I was keeping saltcrystals (that i bought in Wieliczka saltmine as a kid) together with the rosary (that i received as a present the same time) in a plastic bag. After a few years i discovered the rosary was all covered in salt and the metal parts would change their colour dramatically.
@huddledmarmot This does not explain anything, because it explains nothing about why the salt climbs out of the glass, where there was no solution before.
@FizzyWodawg The salt is sticking to the side of the cup as the water evaporates then gives the water something to travel up and climb due to the adhesive/cohesive properties of water. As the water evaporates more and more crystals are formed. Sea salt was gathered in the same way by placing sticks inside tide pools then blocking off the ocean water (or making their own pool) and allowing the saltwater to evaporate over time leaving crystal formations on the sticks. MIRACULOUS!
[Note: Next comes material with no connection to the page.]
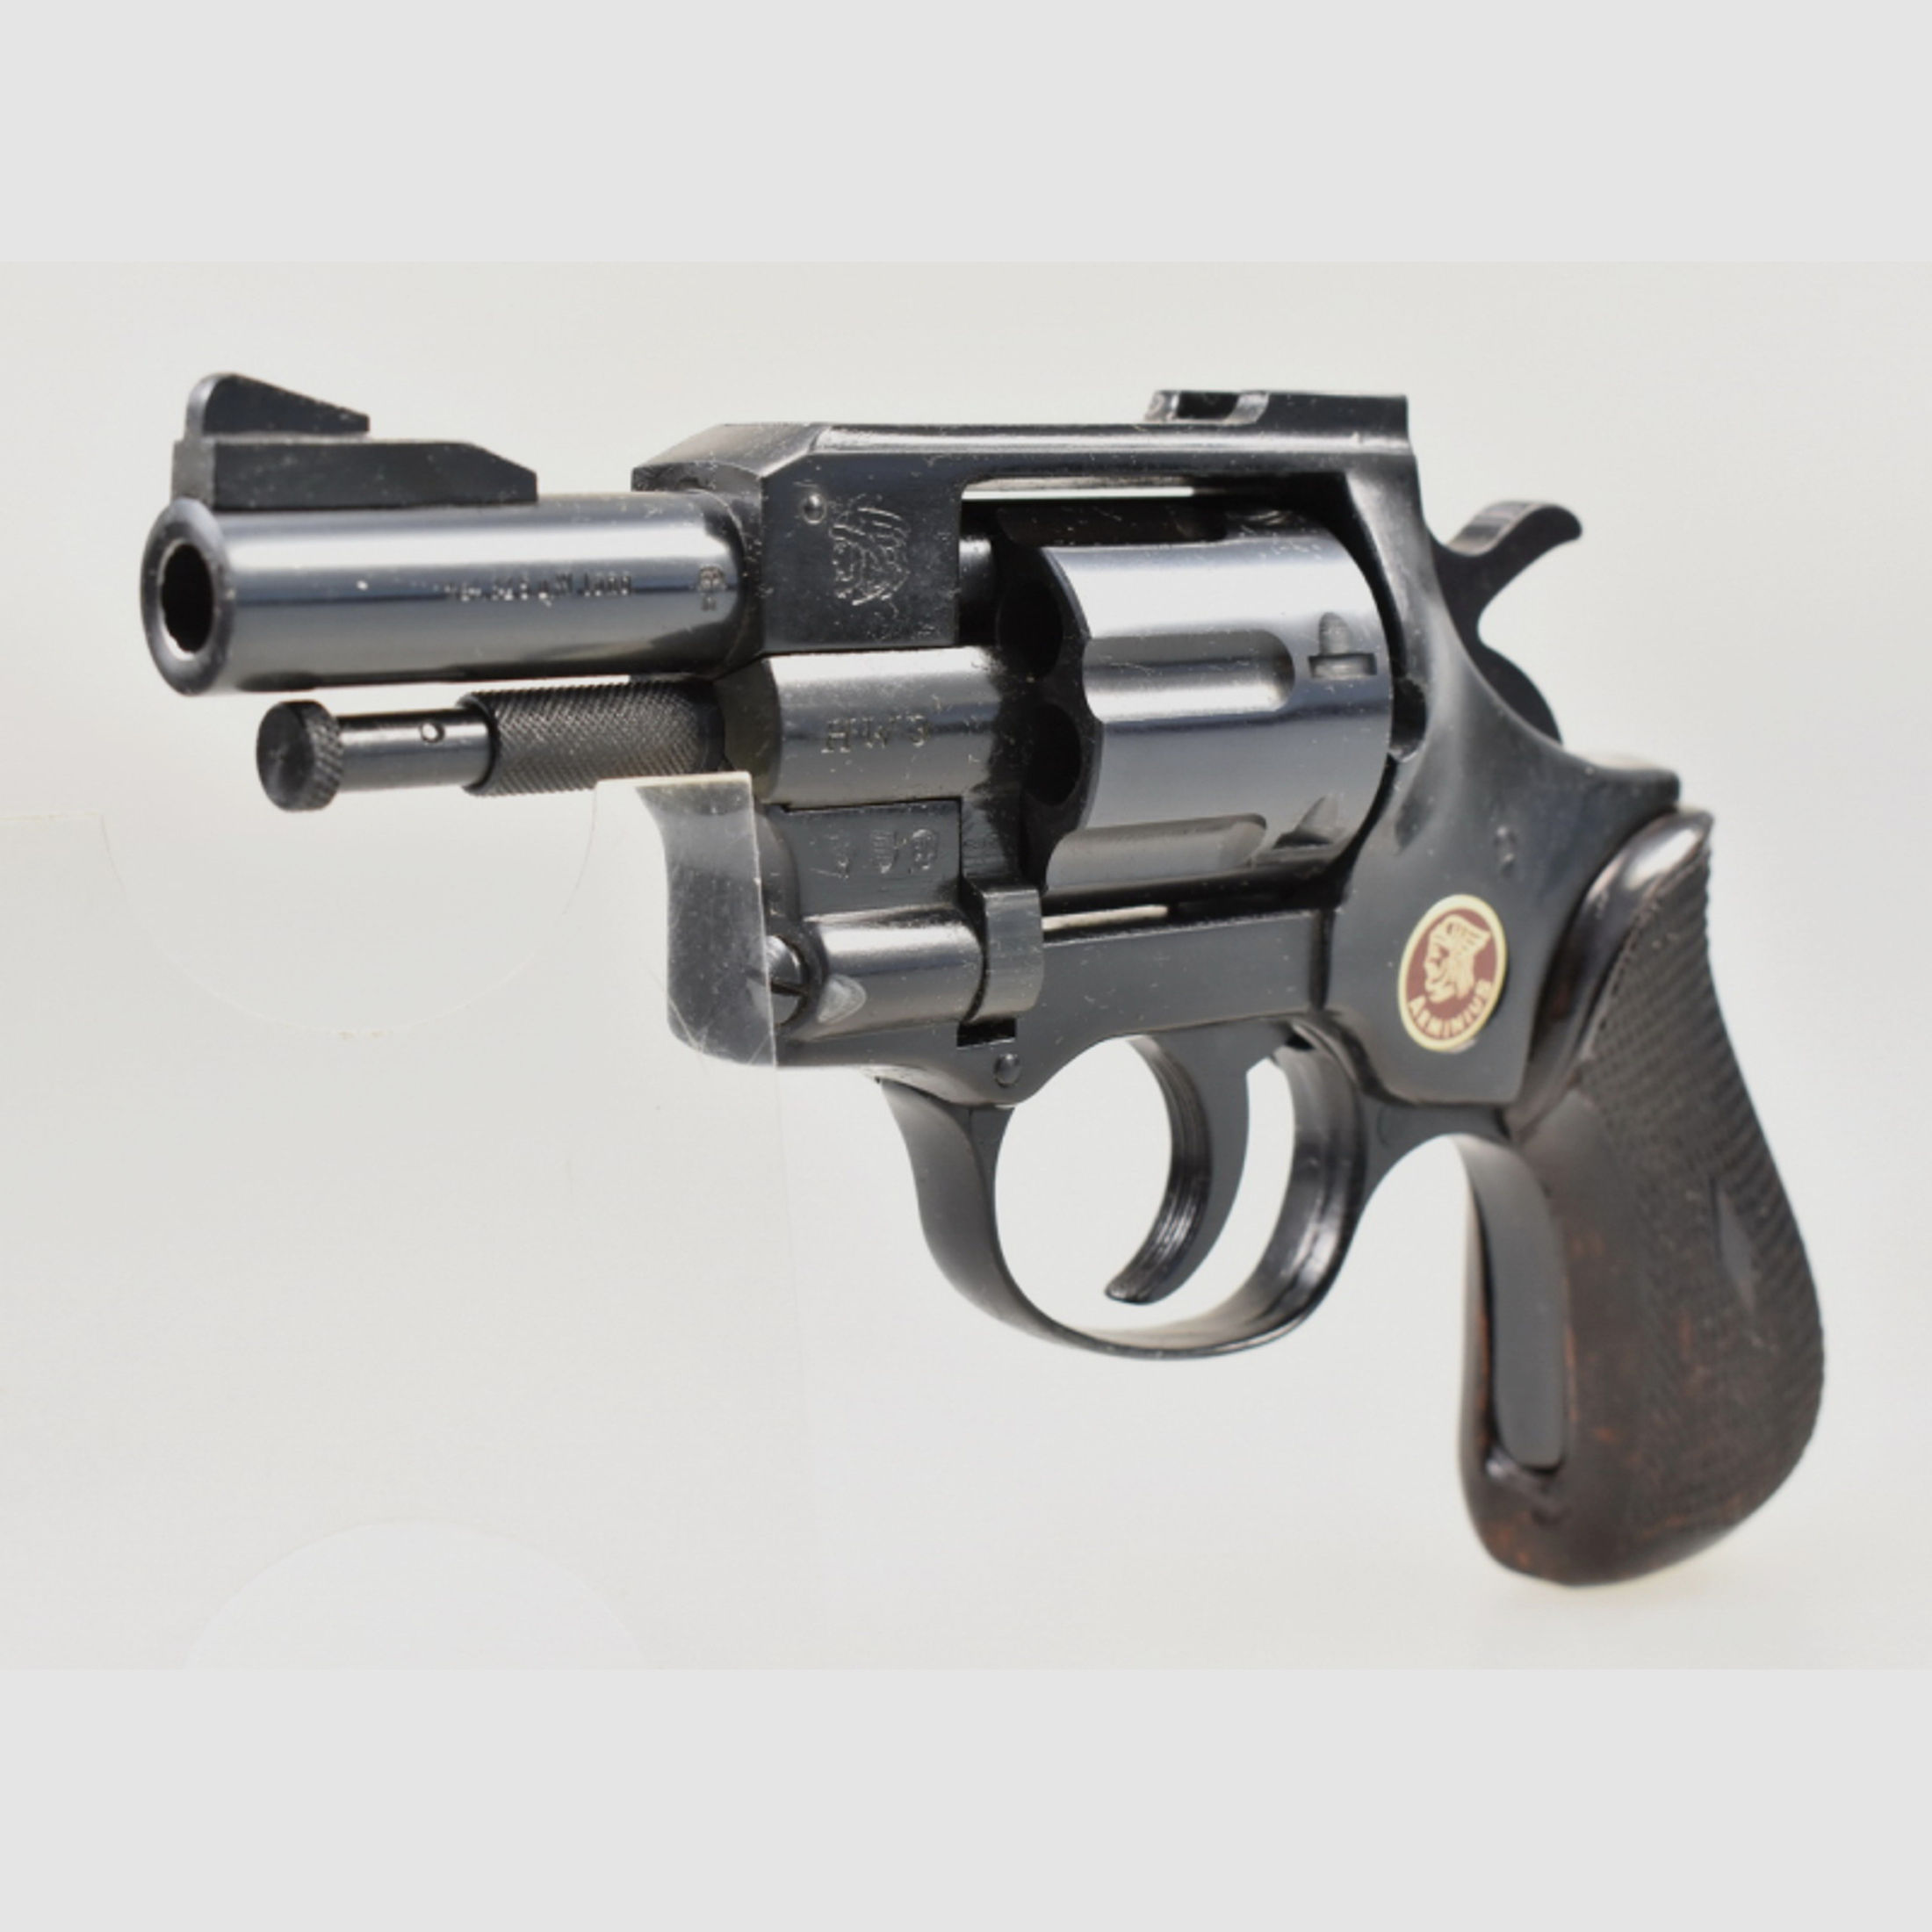 WEIHRAUCH / ARMINIUS Revolver Modell HW 3 mit 2,75" Lauf im Kaliber .32 S&W lang

We did an experiment involving a pencil, a thread, a paperclip and a cup of very salt water. We attached the thread to the pencil, and the paperclip to the thread, the paperclip hanging down in the water. We let it sit in the window for 7 days. On the seventh day the salt had climbed up the thread and the cup before eventually reaching the window edge.
For basic of science, salt only appear at the bottom and salt doesn't climb, if evaporation occurs, salt will leave behind at the bottom of the cup, if you can give me the direction of how to do this, you may change my mind about science and take my words back
@sam9072000 Sam, this is clearly not what happens here. This was a plastic cup, and very saturated salt solution. I cheat you not. Try it yourself. I did in quite humid mediterranean climate, it took about a month. You could see salt climbing on the outer side and even on the floor.
@bugpwr It happened to me too. I had a small tupperwear container filled with a salt solution because I was too cheap to buy the salt stuff for my piercing, and made my own. I closed the container and when I no longer needed it, forgot about it. I found it a couple of months later, cover still FULLY on, but the salt was coming out of the edges where it closed and down the sides. SO cool.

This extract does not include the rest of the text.